I'm currently using Capital One Prime +.9% card. Current variable rate is at 3.5%

The Canadian banks are starting to increase fees because the American banks are doing it.


----------



## canabiz (Apr 4, 2009)

confusion said:


> Do you have to get a HELOC from the same institution your mortgage is from?
> 
> Or can you get a HELOC from any bank?
> 
> ...


confusion, you can get a HELOC from any financial institution as long as you get approved although a lot of folks like to get the HELOC from the same institution they got their mortgage from, just make it a tad easier to organize stuff. Some of them are tied into the mortgage i.e. as you pay down the mortgage principle, the HELOC amount goes up. In addition, rates are pretty competitive these days anyway. 

I believe you need to have at least 20% equity in your home to qualify for HELOC but I don't know if that number is set in stone.
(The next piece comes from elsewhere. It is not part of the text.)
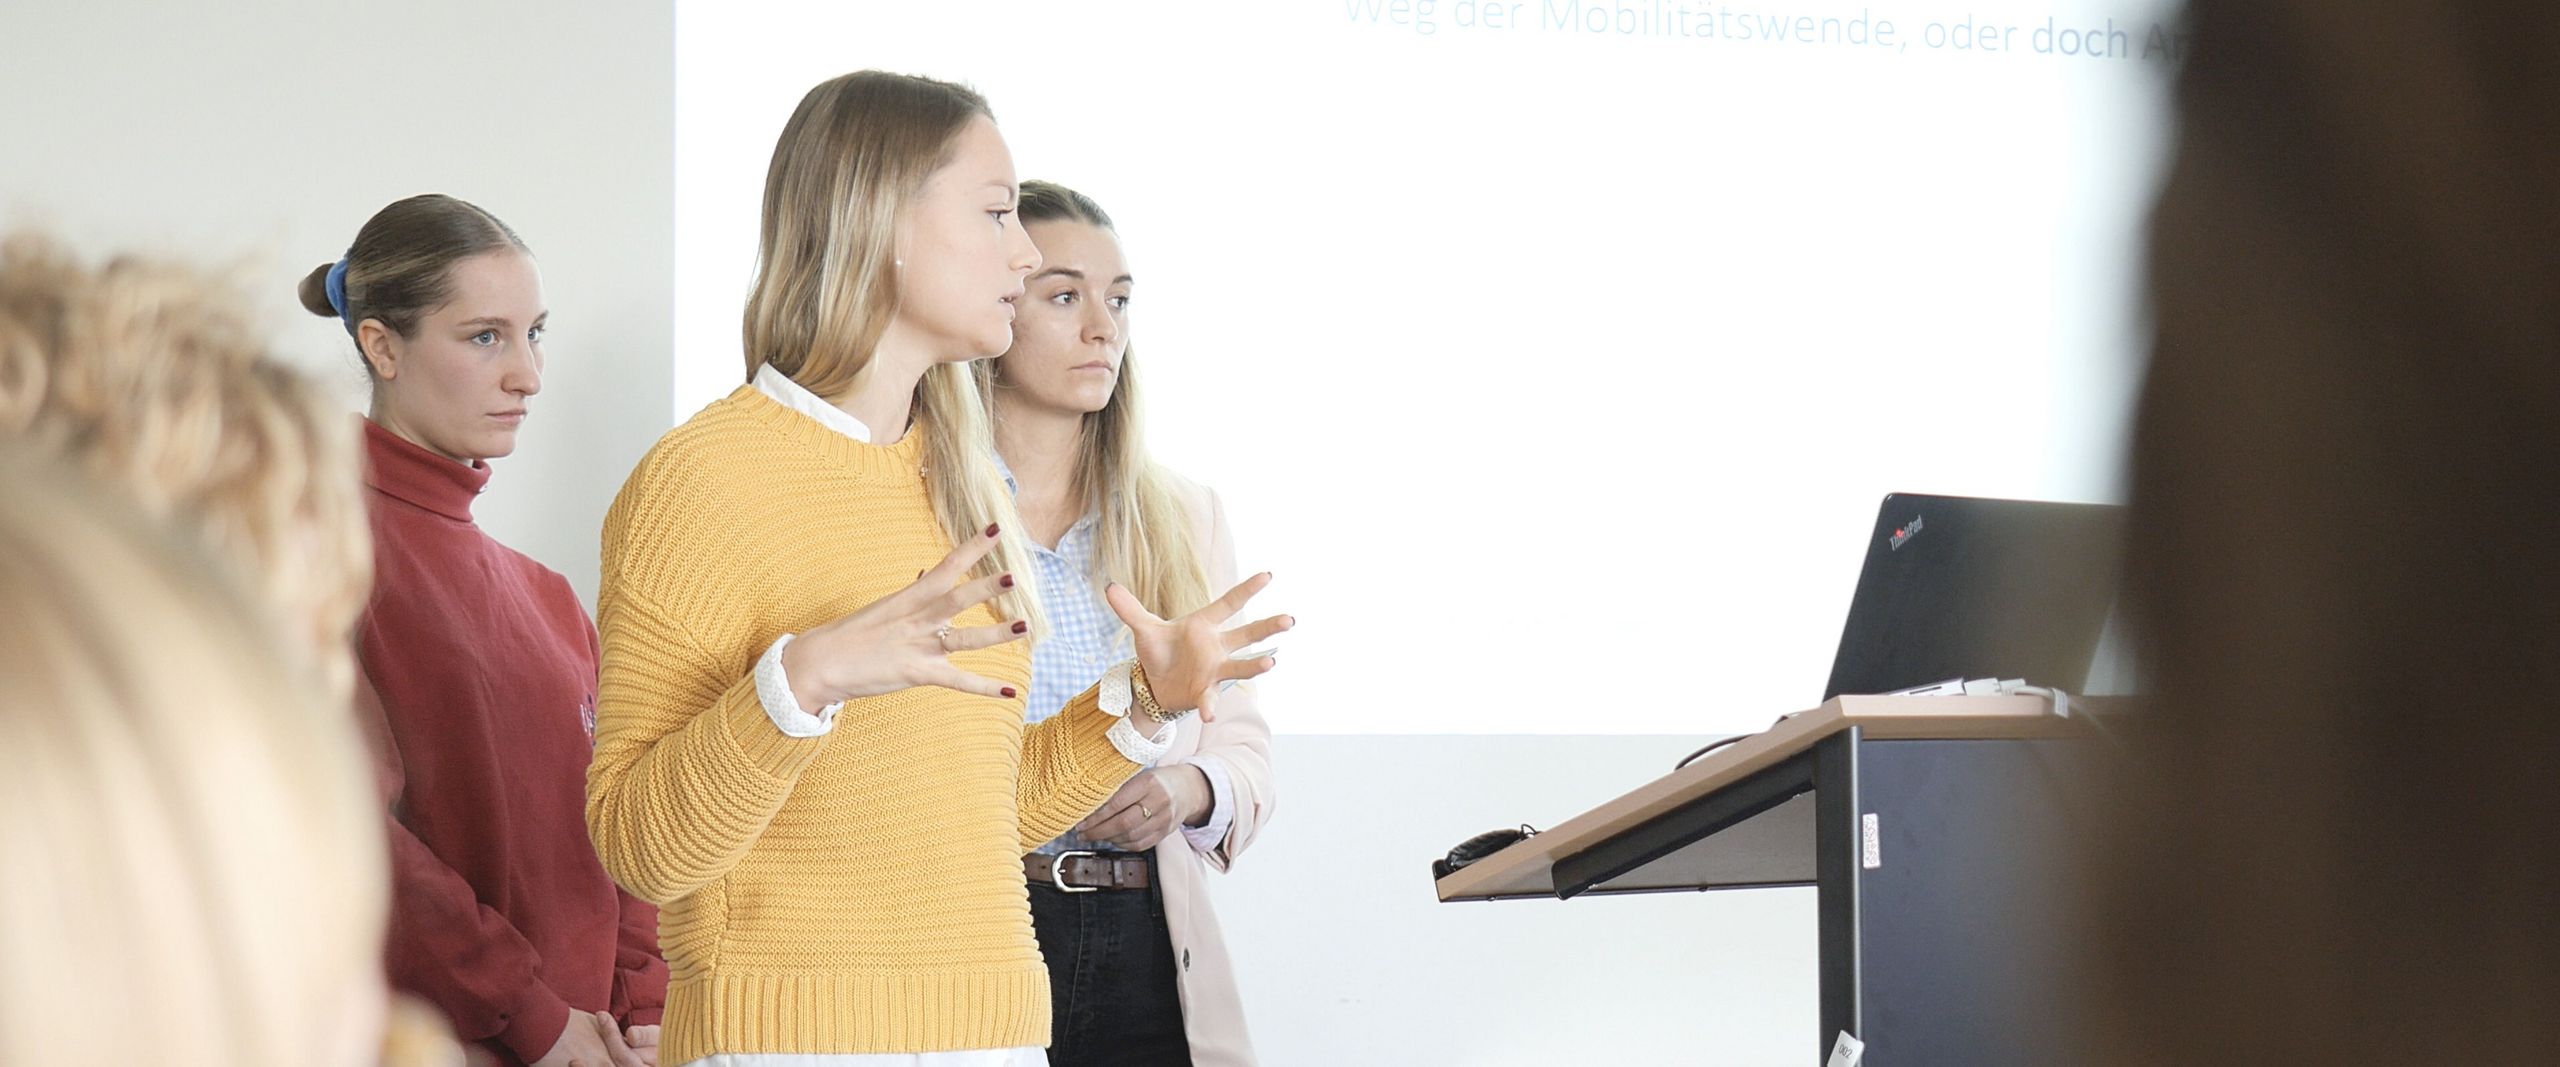 Auf dem Bild sind drei Studentinnen zu sehen, die vor einer Gruppe Menschen einen Vortrag hält. In Hintergrund an einer weißen Wand lässt sich eine Präsentation erahnen. 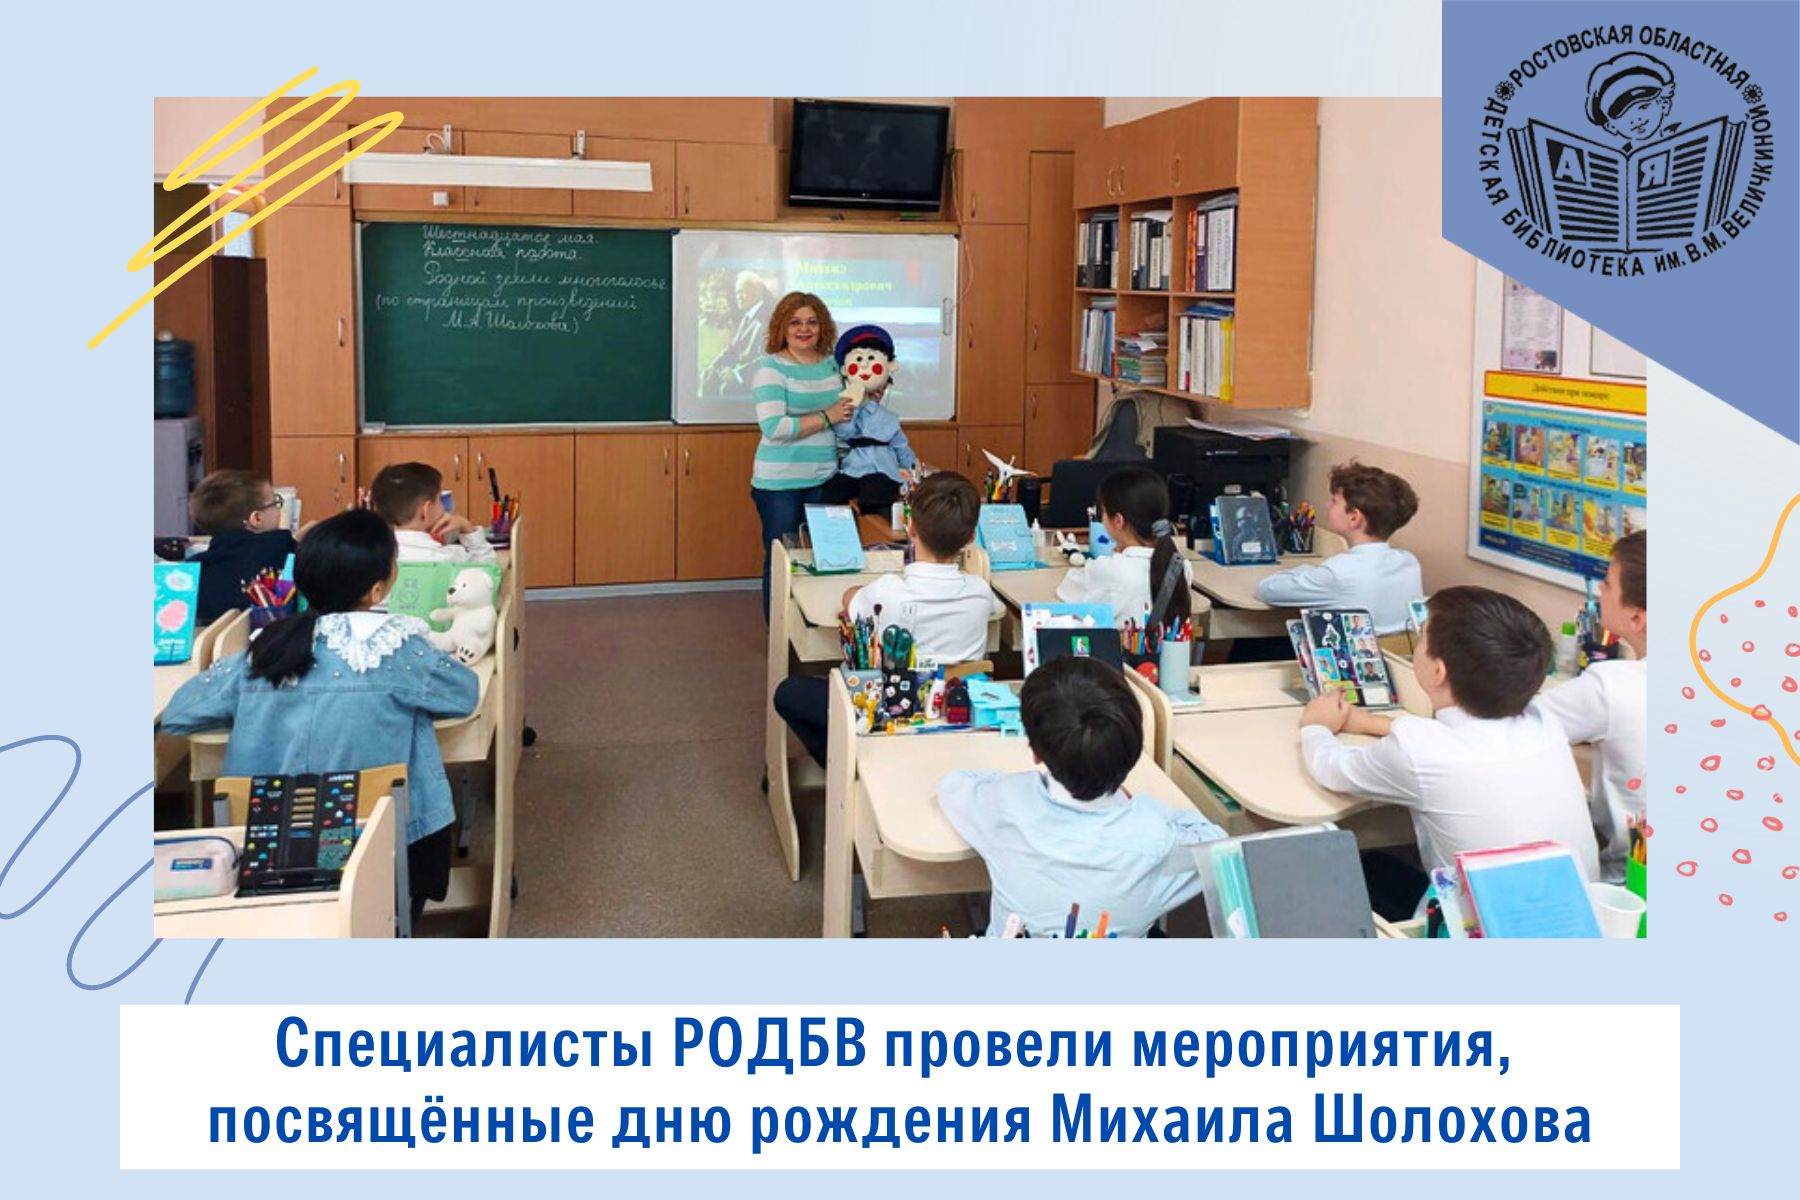 Специалисты Ростовской областной детской библиотеки имени В.М. Величкиной провели мероприятия, посвящённые дню рождения Михаила Шолохова

You can check with your preferred financial institution.


----------



## RetireIn10Years (Apr 4, 2009)

The scumbags at scotia bank just send me a letter saying they were increasing my secured line of credit by 1% from 2.25% to 3.25%. This is after I renewed my mortgage at prime + 0.8% and moved a large chunk of it to the secured line of credit at the lower rate.


----------



## hylaride (Jun 11, 2009)

My TD HELOC is steady at 3.25. The last movement was down to that from 3.5% about 2-3 months ago...Doesn't really affect me because it's balance is 0, though.


----------



## spindle (Apr 30, 2010)

*presidents choice financial*

thought i would bring this up guys anyway i was thinking of transfering my secured borrowing account to royal bank as they offer prime plus 0.50 persent when i was pickering with president choice they said they would look at it -got a call they matched the royal banks prime + 0.50 its a competive business you guys so don't be scared to picker the royal has been advertising prime +0.50 for some time now about six mnths or so if you plan to picker do it -it worked for me.


----------